The capacity of the auditory system to extract spatial information relies principally on the detection and interpretation of binaural cues, i.e., differences in the time of arrival or level of the sound between the two ears. In this review, we consider the effects of unilateral or asymmetric hearing loss on spatial hearing, with a focus on the adaptive changes in the brain that may help to compensate for an imbalance in input between the ears.
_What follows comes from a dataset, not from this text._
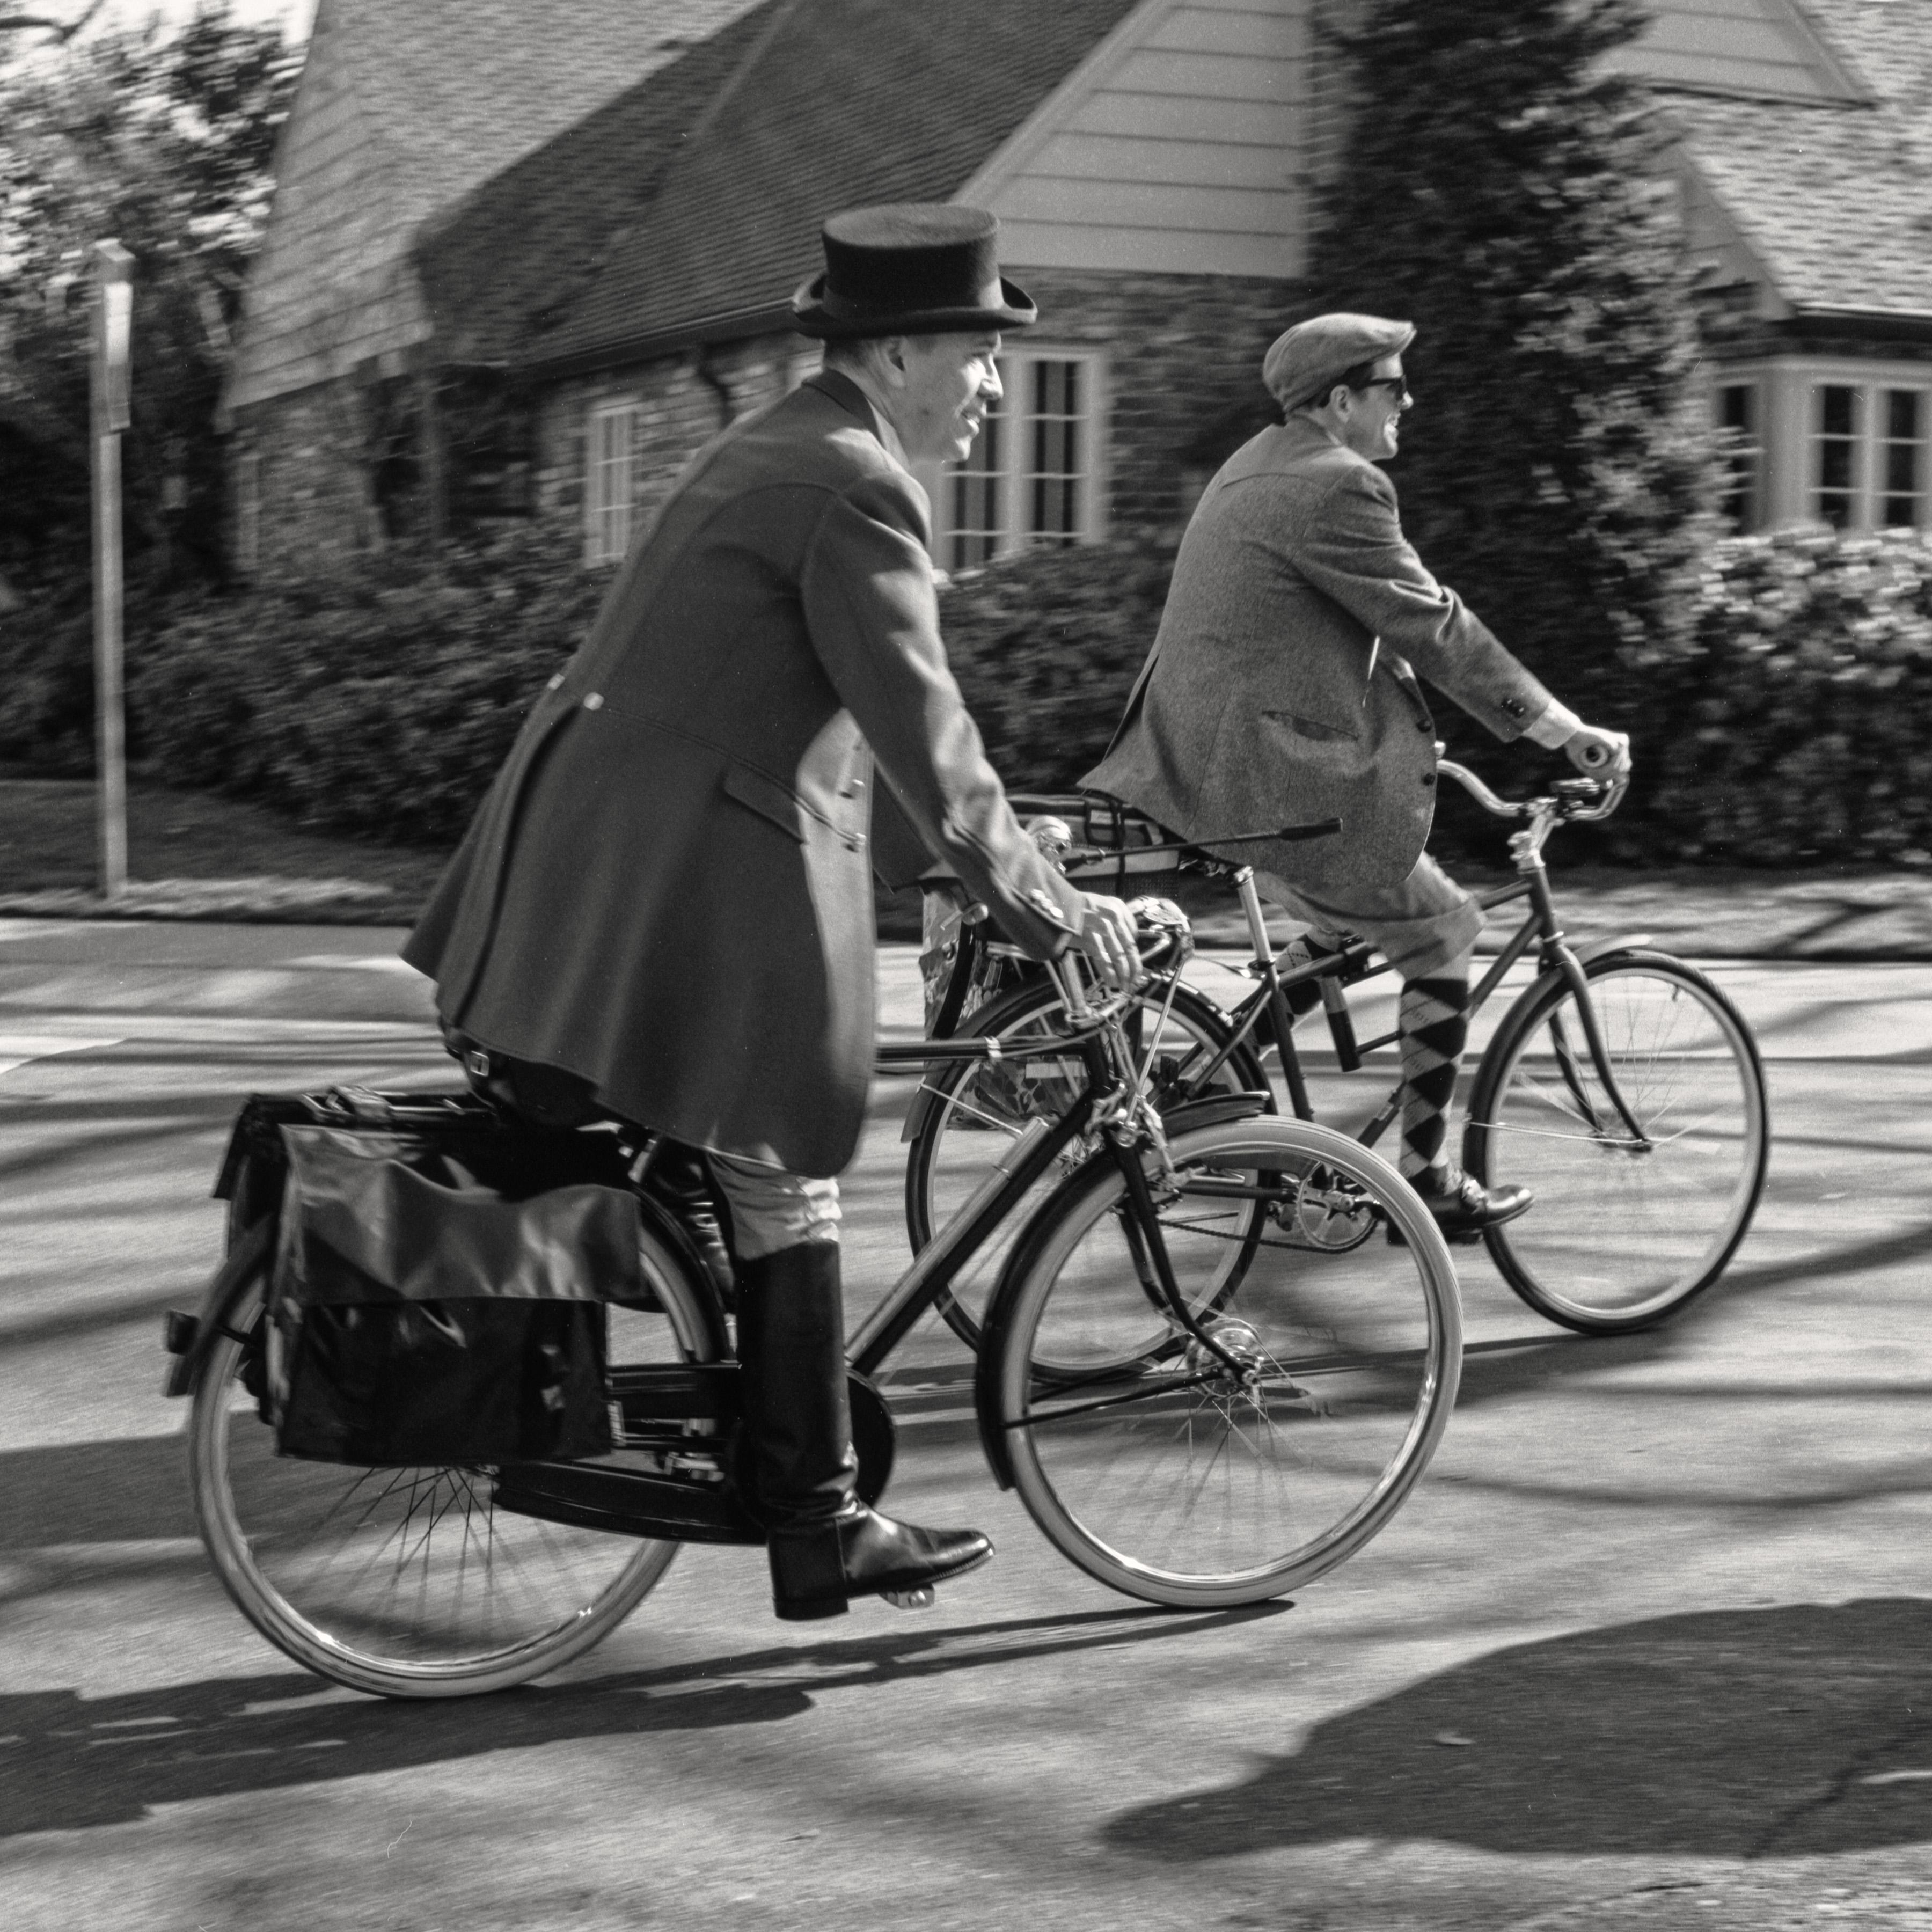 для лечения черно белые ретро фото велосипеды что обратить

Unilateral hearing loss during development weakens the brain's representation of the deprived ear, and this may outlast the restoration of function in that ear and therefore impair performance on tasks such as sound localization and spatial release from masking that rely on binaural processing. However, loss of hearing in one ear also triggers a reweighting of the cues used for sound localization, resulting in increased dependence on the spectral cues provided by the other ear for localization in azimuth, as well as adjustments in binaural sensitivity that help to offset the imbalance in inputs between the two ears. These adaptive strategies enable the developing auditory system to compensate to a large degree for asymmetric hearing loss, thereby maintaining accurate sound localization. They can also be leveraged by training following hearing loss in adulthood. Although further research is needed to determine whether this plasticity can generalize to more realistic listening conditions and to other tasks, such as spatial unmasking, the capacity of the auditory system to undergo these adaptive changes has important implications for rehabilitation strategies in the hearing impaired.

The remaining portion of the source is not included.